This is why we can't have nice things. When a top campaign official not only admits, but boasts about spinning propaganda in the form of a campaign commercial, we're lost. Thomas Edsall of the New York Times got this straight from a top
December 6, 2011

This is why we can't have nice things. When a top campaign official not only admits, but boasts about spinning propaganda in the form of a campaign commercial, we're lost. Thomas Edsall of the New York Times got this straight from a top operative for the Romney campaign:

“First of all, ads are propaganda by definition. We are in the persuasion business, the propaganda business…. Ads are agitprop…. Ads are about hyperbole, they are about editing. It’s ludicrous for them to say that an ad is taking something out of context…. All ads do that. They are manipulative pieces of persuasive art.”

Of course ads are intended to persuade. But that doesn't really mean they should lie. As Heather pointed out, this was Lawrence O'Donnell's central point in his rewrite of the original ad. And Digby is even more pointed about it:

I'm not sure why we should be shocked by these Romney operatives taking credit for a dishonest campaign ad since operatives do it all the time, but I guess it's just the arrogant openness about their rank dishonesty that makes it remarkable:

[...]

Those Romney operatives aren't fools and they know they can get away with lying as long as the press decides they can get away with it. Whether it's because they want Romney to be the nominee or because it fits with their narrative about Obama or some combination of the two, they are very likely to let this pass or even allow it to become part of the CW, thus kicking in Cokie's Law, which says "it doesn't matter if it's true or not, it's out there." Fact checking only matters if the press wants it to matter.

Well, now we have the campaign admitting they're lying and propagandizing in a fashion worthy of certain operatives leading up to and during World War II, and when the media questions them on it, their response is simply "everyone does it."

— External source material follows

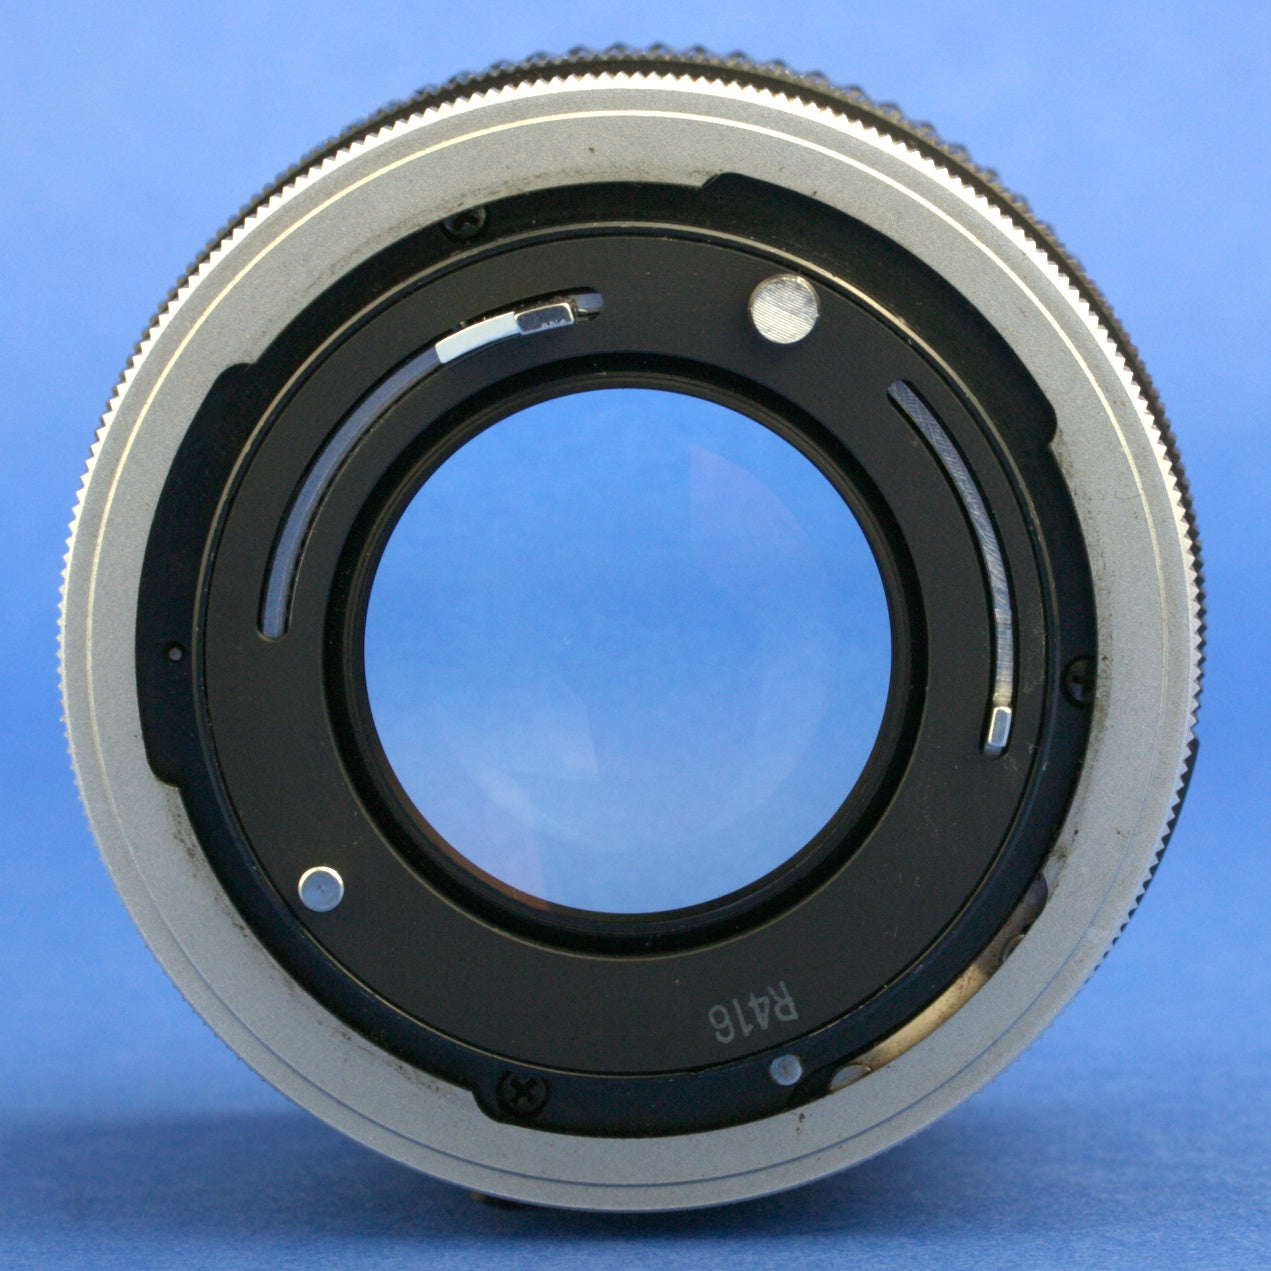 Canon FD 50mm 1.4 S.S.C. Lens

Edsall's commentary examines the Romney ad in the historical context of political lobbying, advertising, and moneymaking over the past 30-40 years, and the concurrent erosion of ethics over the same time:

The significance of the spot lies in its explicit distortion of an opponent’s remark, but the spot’s direct duplicity is also the latest step in the transgression by political operatives of formerly agreed-upon ethical boundaries. What was once considered sleazy becomes the norm.

Over the past four decades, moral standards governing the conduct of political competition have been violated by both left and right, with two goals: winning elections and making money. In this endeavor, the early 1980s were a fertile period.

[...]

It didn’t take long for the practice to become standardized, and today firms on both sides of the aisle are “double breasted.” It is just this kind of ‘inside-the-beltway’ cronyism that both the Tea Party and Occupy Wall Street define as corrupt.

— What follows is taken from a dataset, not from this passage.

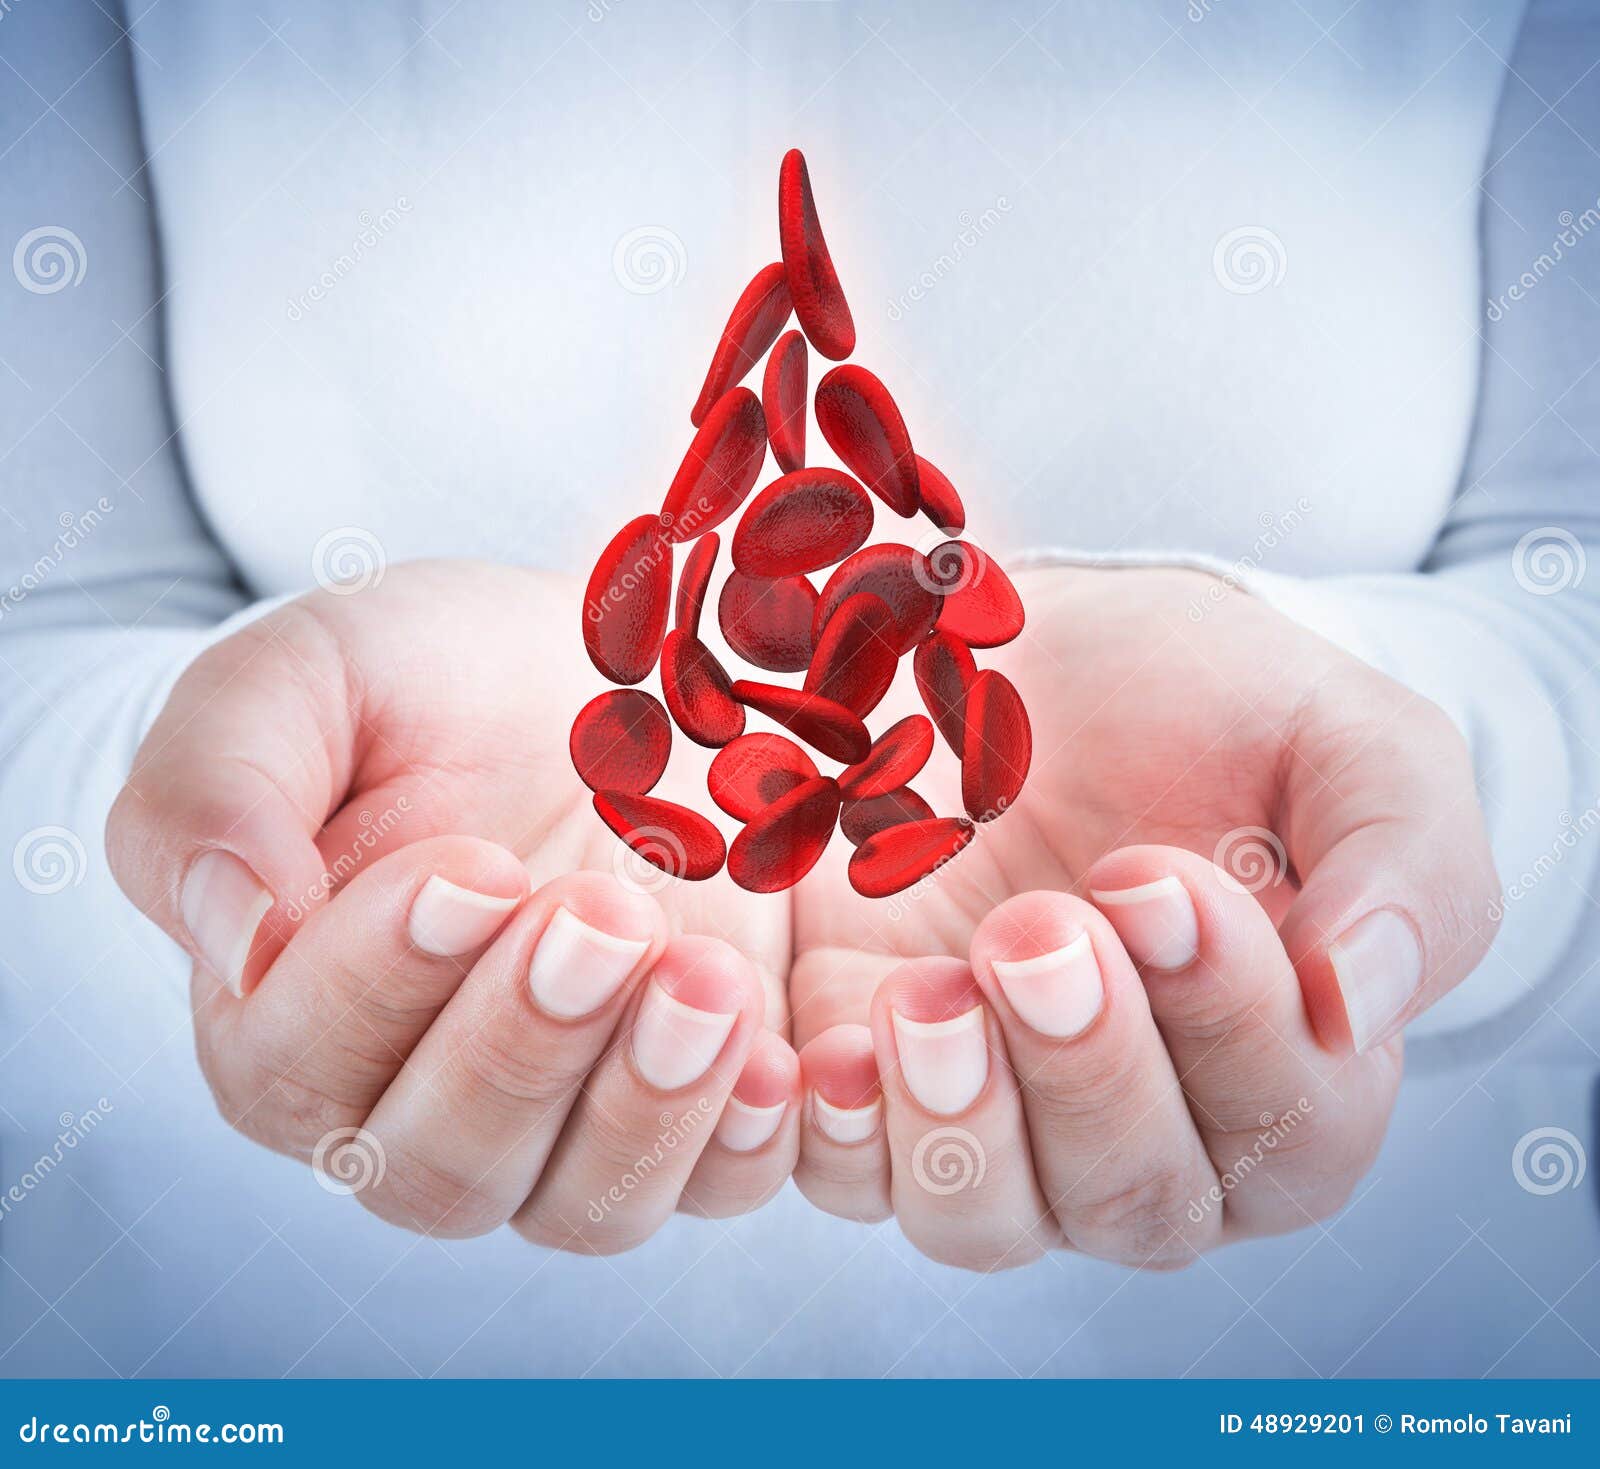 blood cells in hands - d blood drop

Of course, it shouldn't surprise anyone that Mitt Romney fired the first truly dishonest shot off the bow. After all, this is a guy who will do, say, and be anyone he needs to be in order to be elected.

We're living in an age where truth is declared a lie in the name of false equivalence by a site called "Politifact", political operatives openly boast of lies and deception in the name of propagandizing, and cable channels call themselves "news" while disseminating gossip and lies. Is it any wonder our political system is broken?